Wilson deputies ran through mock rescues with the equipment, winding their way through the park until finally making their way to the target.

On Wednesday, it was another deputy waiting patiently – but in a real rescue the stakes would be far higher.

“For individuals that have cognitive impairments that can’t find their way home, it’s important for us to be able to not only find the individuals, but find them quickly before they accidentally harm themselves,” Driver said.

Laura Driver has been teaching agencies to use Project Lifesaver for 16 years, and seen rescues where teams have found patients in as little as four minutes, keeping a family’s scary situation from becoming much worse.

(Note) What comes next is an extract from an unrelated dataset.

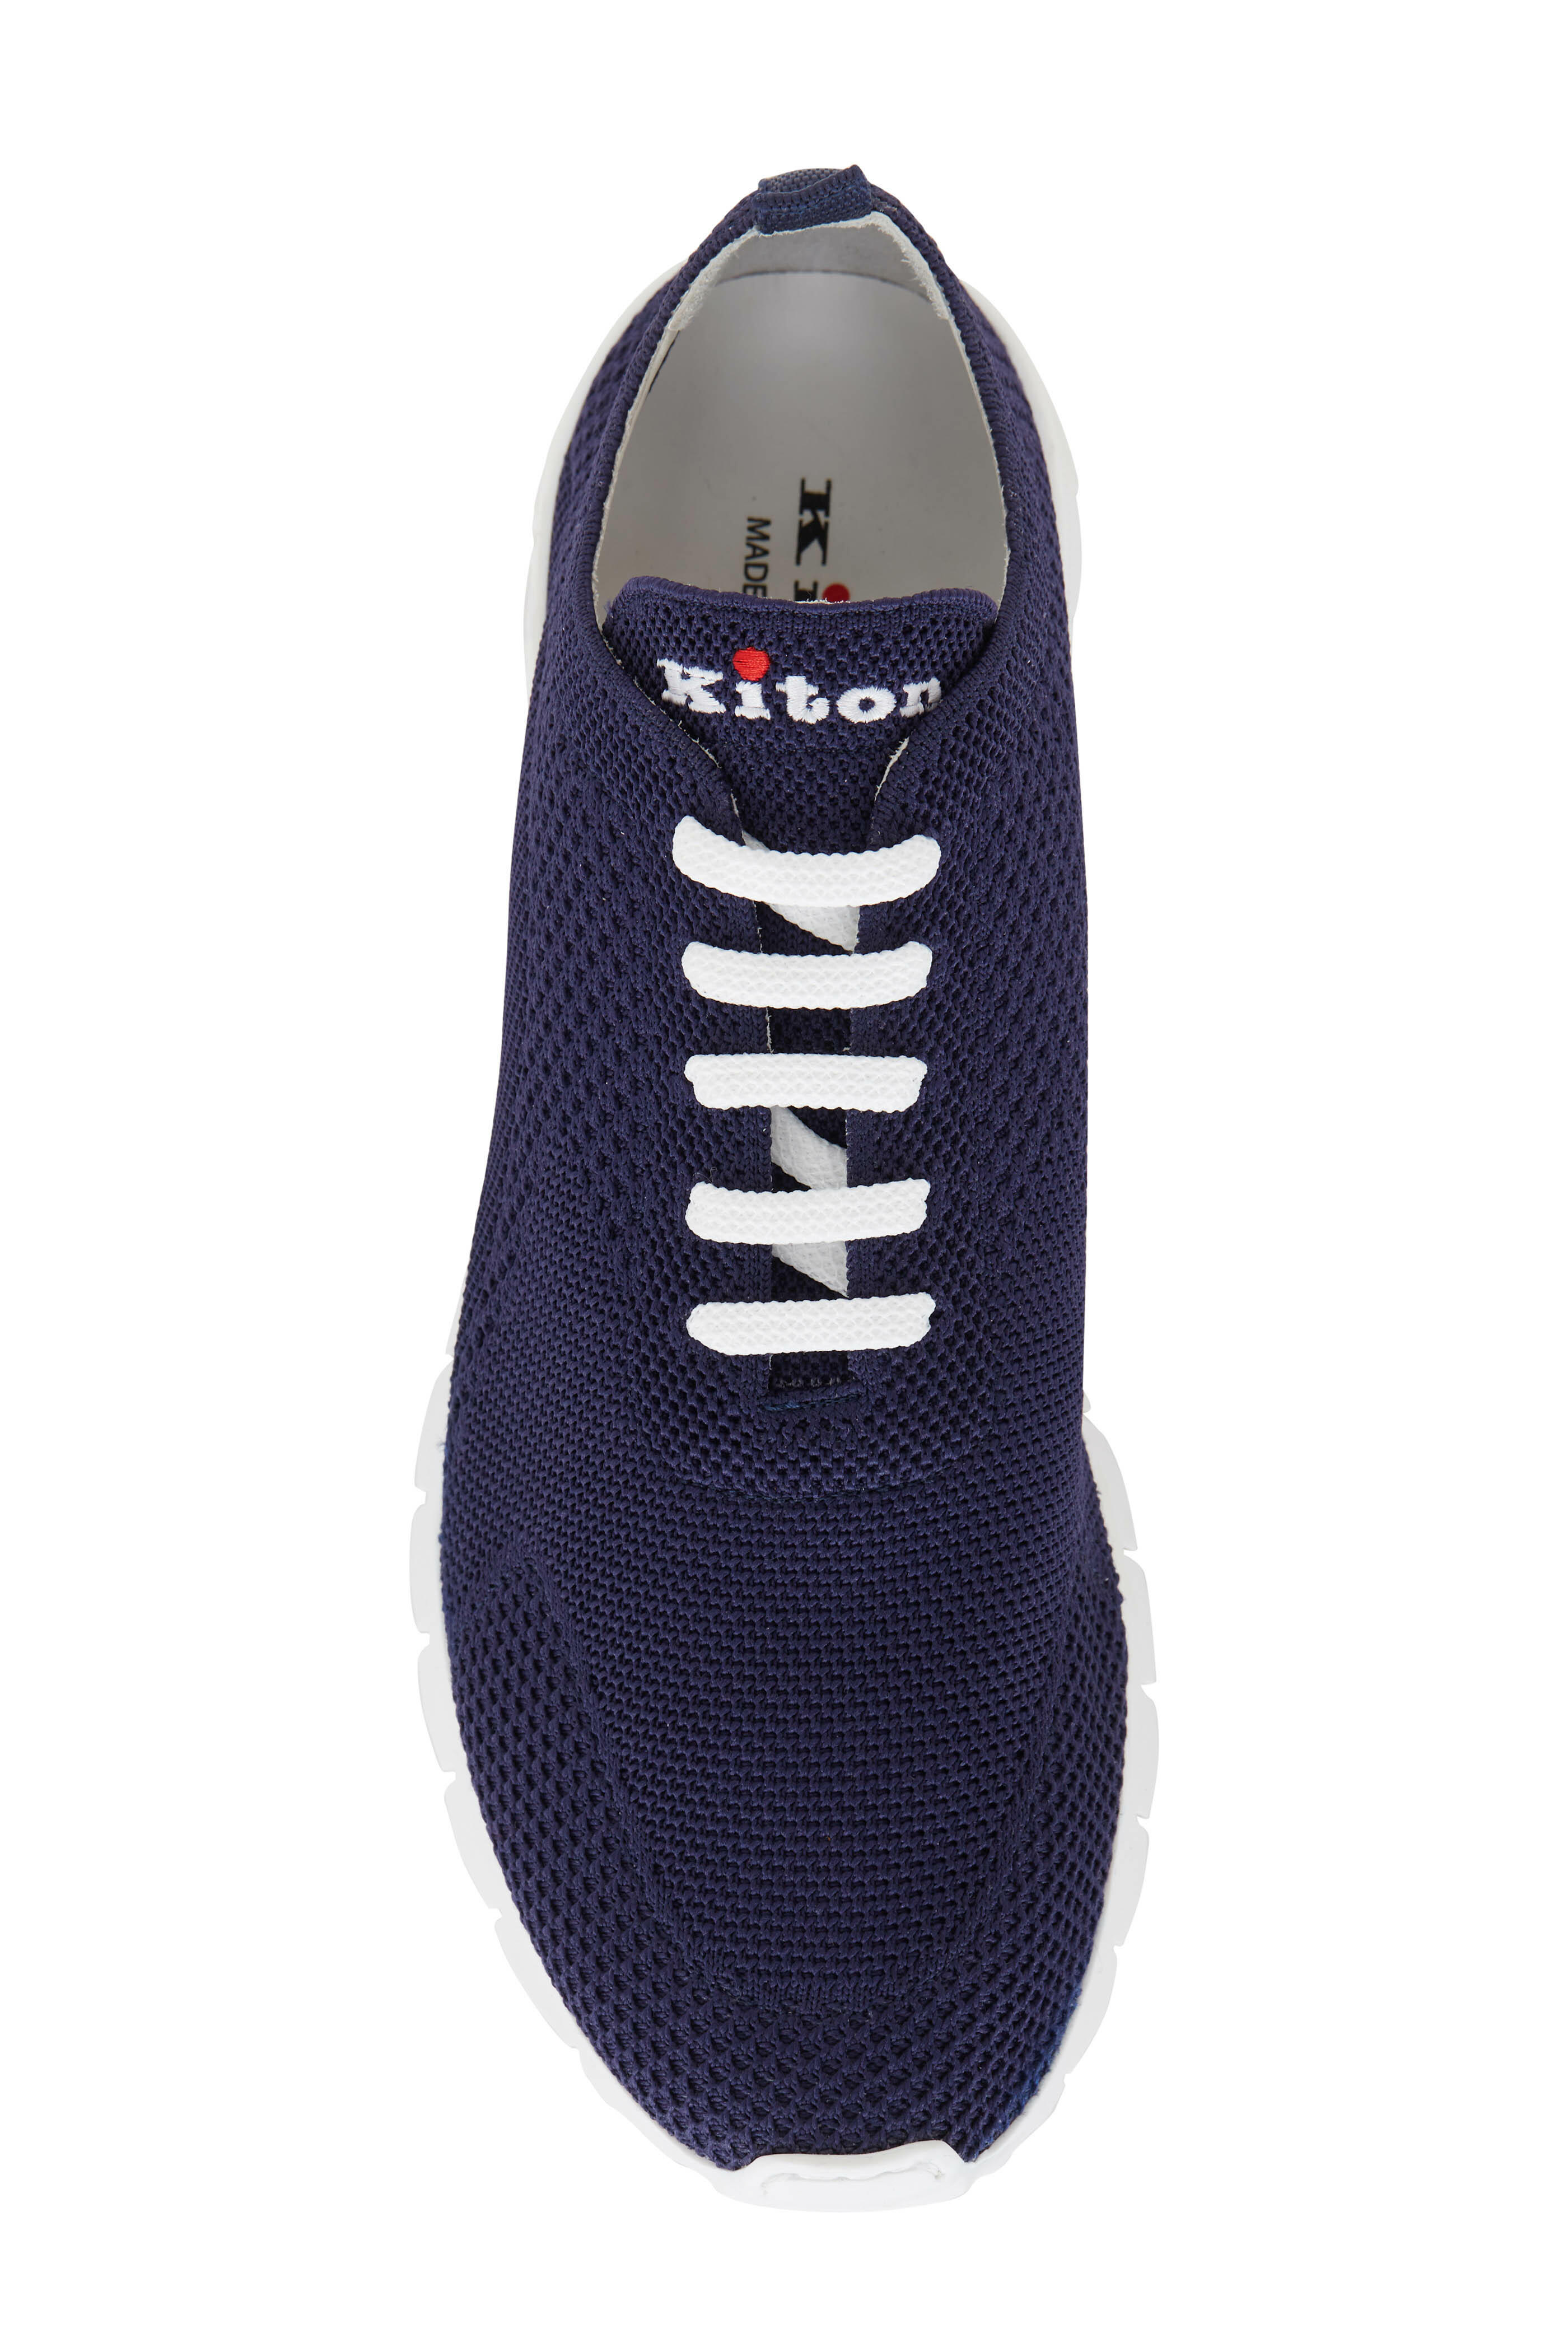 Kiton - Navy Knit Sneaker | Mitchell Stores

“Huge difference,” Driver said. “That individual could have laid there overnight in freezing temperatures and we would have had very negative results otherwise.”

Wake deputies told WRAL News that for rural areas like Wilson, Project Lifesaver could be a crucial tool, allowing rescuers to keep hope alive if conventional GPS trackers should fail.

“It’s amazing, it’s phenomenal,” Driver said. “Project Lifesaver has had over 3000 rescues, they say that every person has been found alive with this equipment, and their average recovery time they state is within under 30 minutes.”

Driver said Wilson deputies would train at Pullen Park through the rest of the week before taking on patients.